# how do u train a dog for squirls



## c.dawg (Jul 26, 2010)

i got a dashunhound and my neighbor told me he would make a good squirle dog anybody got tips


----------



## canepatch (Jul 26, 2010)

Tip #1:  I wouldn't start with a weenie dog on squirrels.  Get you a well-bred cur or treeing fiest pup or started dog  out of proven stock which are available on this forum.


----------



## 242outdoors (Jul 26, 2010)

canepatch said:


> Tip #1:  I wouldn't start with a weenie dog on squirrels.  Get you a well-bred cur or treeing fiest pup or started dog  out of proven stock which are available on this forum.



 x2 on the fiest!   that weenie dog wont be fast enough


----------



## crackerdave (Jul 26, 2010)

Here's a book that will  help you a lot: "Squirrel Dog Basics" by David Osborne. He's in Watkinsville,Ga. Treetop Publications.


----------



## Coon Doggie (Jul 26, 2010)

A good bred dog, patience, dedication, alot of shoe leather, and a ton of good luck dont hurt either. But you will enjoy every second of it.
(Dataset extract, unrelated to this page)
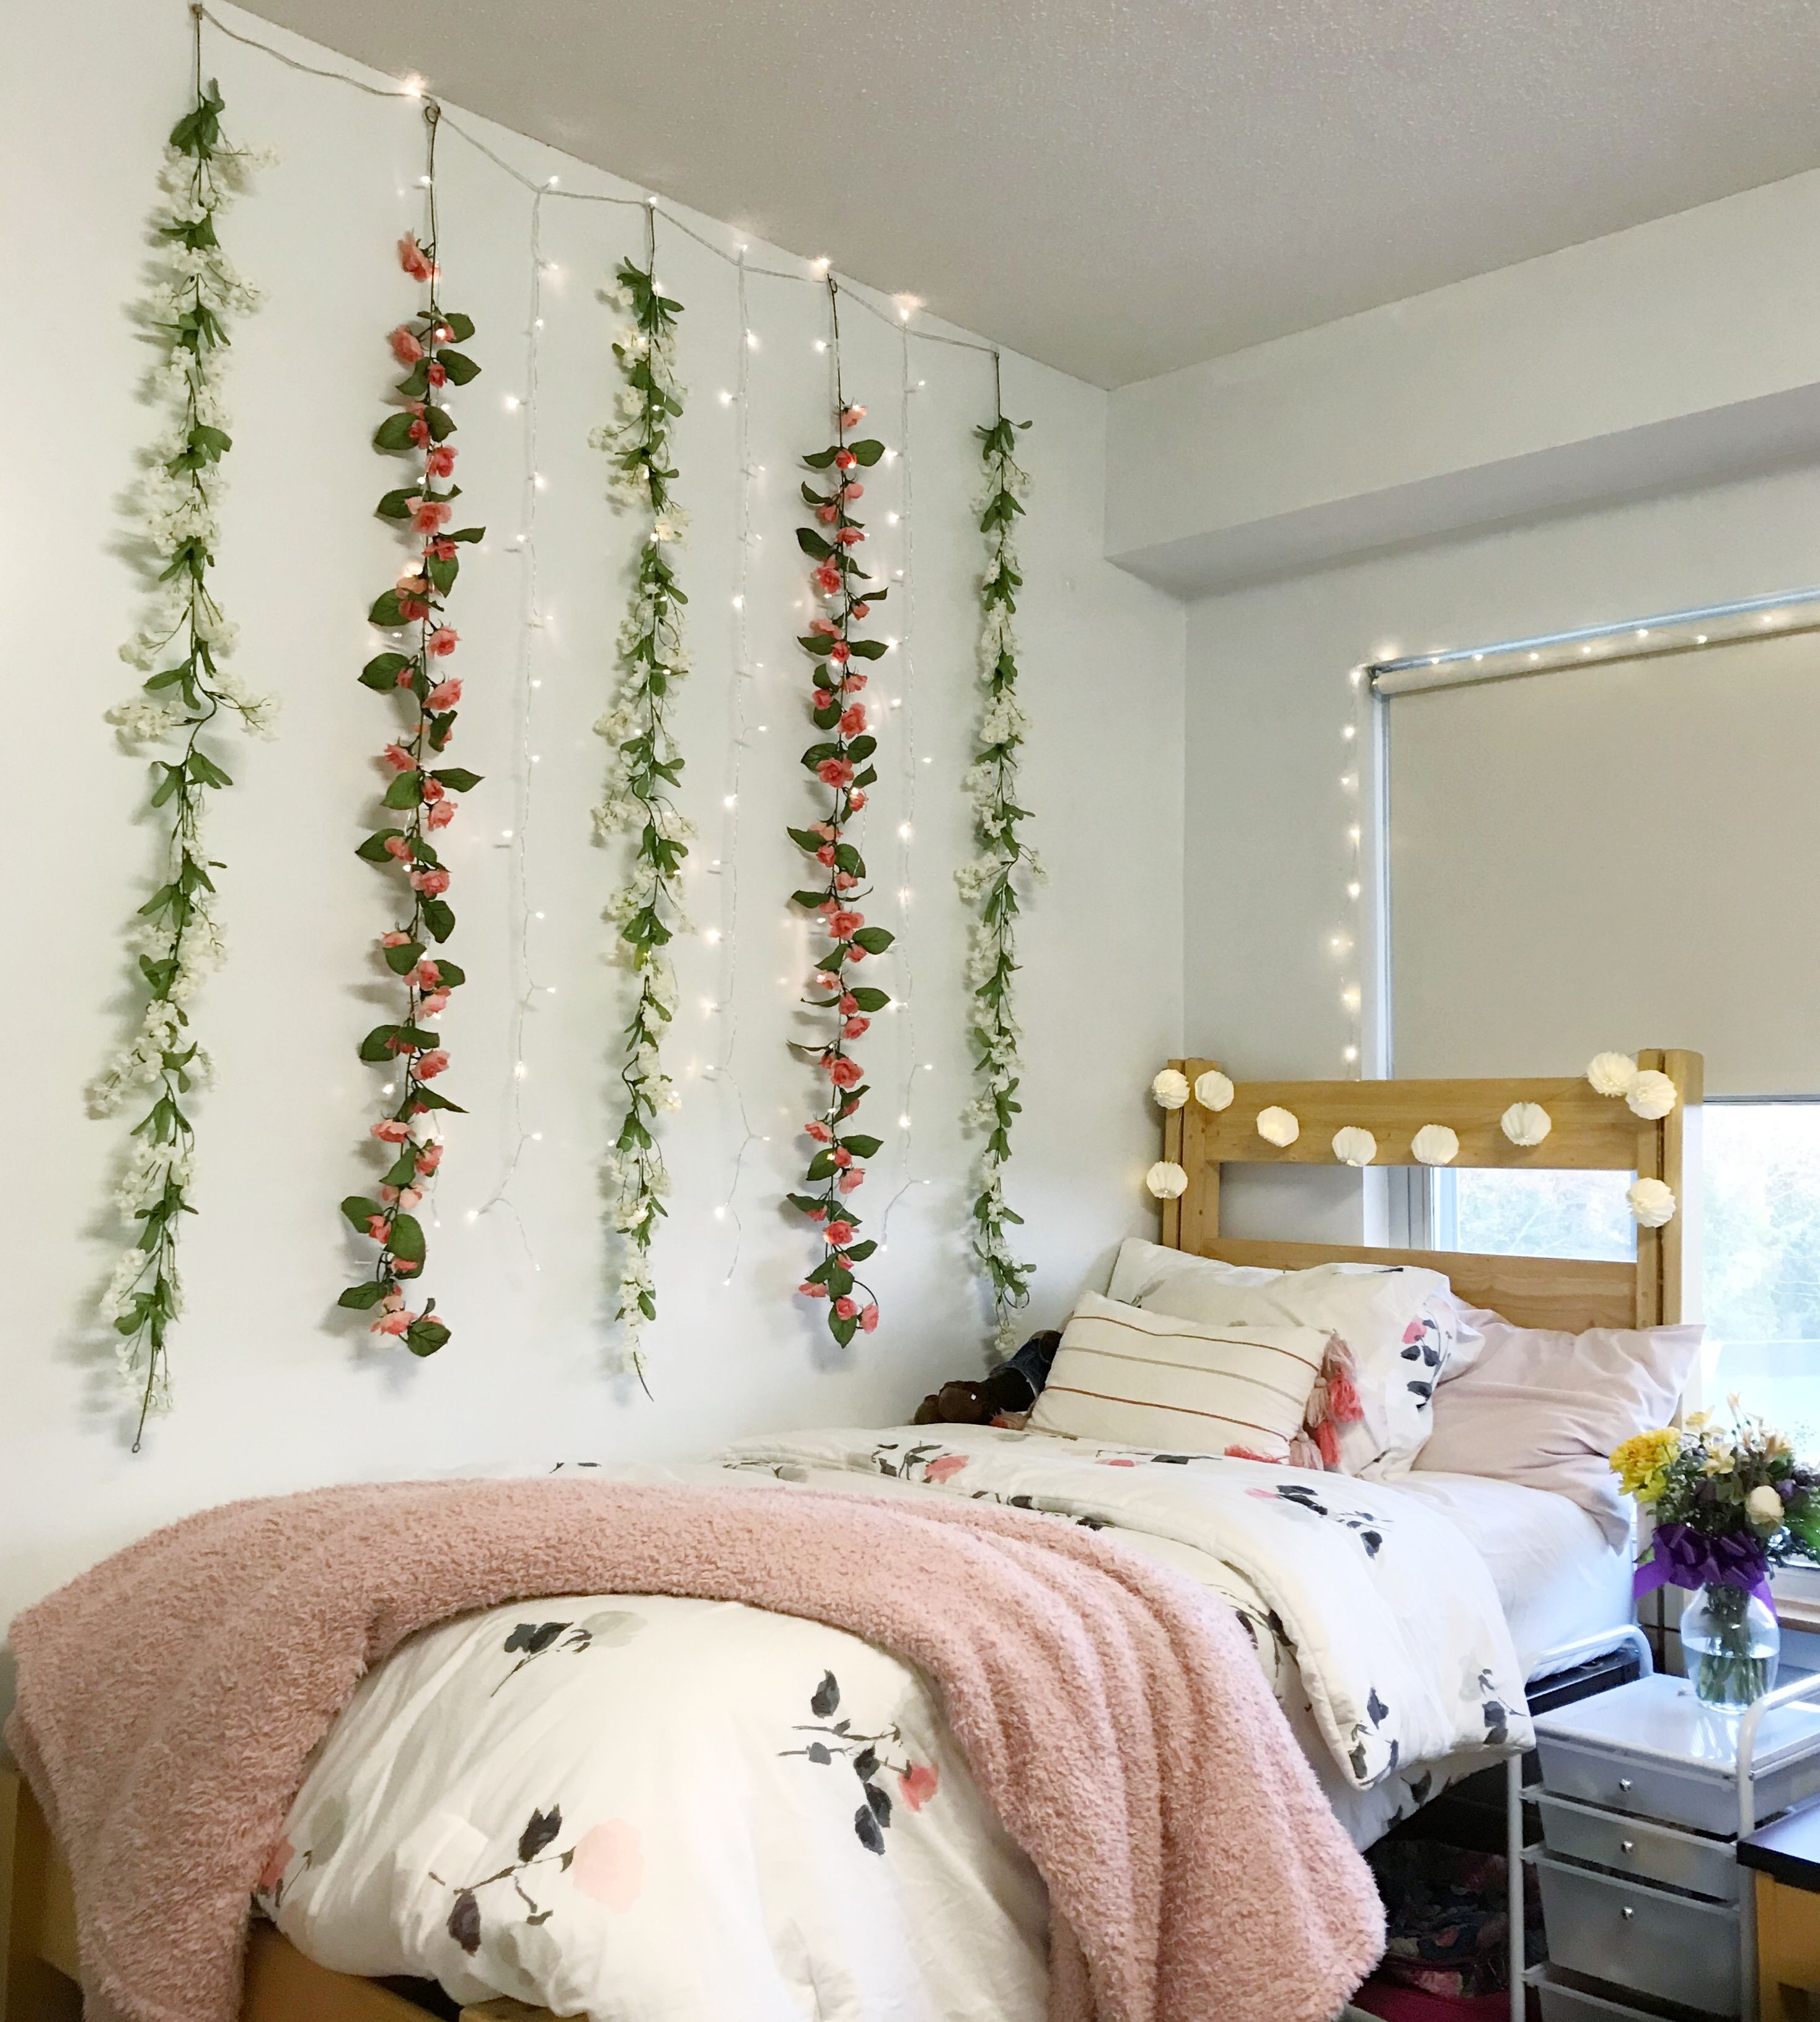 Flower Garland Wall Decor Bed Decor Flower Garlands Dorm Bedroom

Daschund I think were bred for going in ground after game(fox, etc.)


----------



## Migraman (Jul 26, 2010)

I watched Dachshunds used to chase wild boar in Germany.  These were purpose bred dogs that seemed a bit bigger than the ones you see over here.  There, Shooters would circle a 20 or so acre patch of woods and the dogs cast in the middle.  The dogs would run the boars (and everything else) out of the woods where the shooter would get a running shot.  When I was there, we had about 3 feet of snow on the ground.  I watched two Dachs grab a boar (looked to be about 150 pounds) like pit bull catch dogs and wrestle it to the ground.  Looked like weasels fighting an elephant.

The trainer was obviously proud of his dogs but he said a Dachs is extremely intelligent and can be trained to hunt anything, even birds.  That's a pretty bold statement but that's what the guy said.

They are used a lot to find game that has been shot - like we do for deer.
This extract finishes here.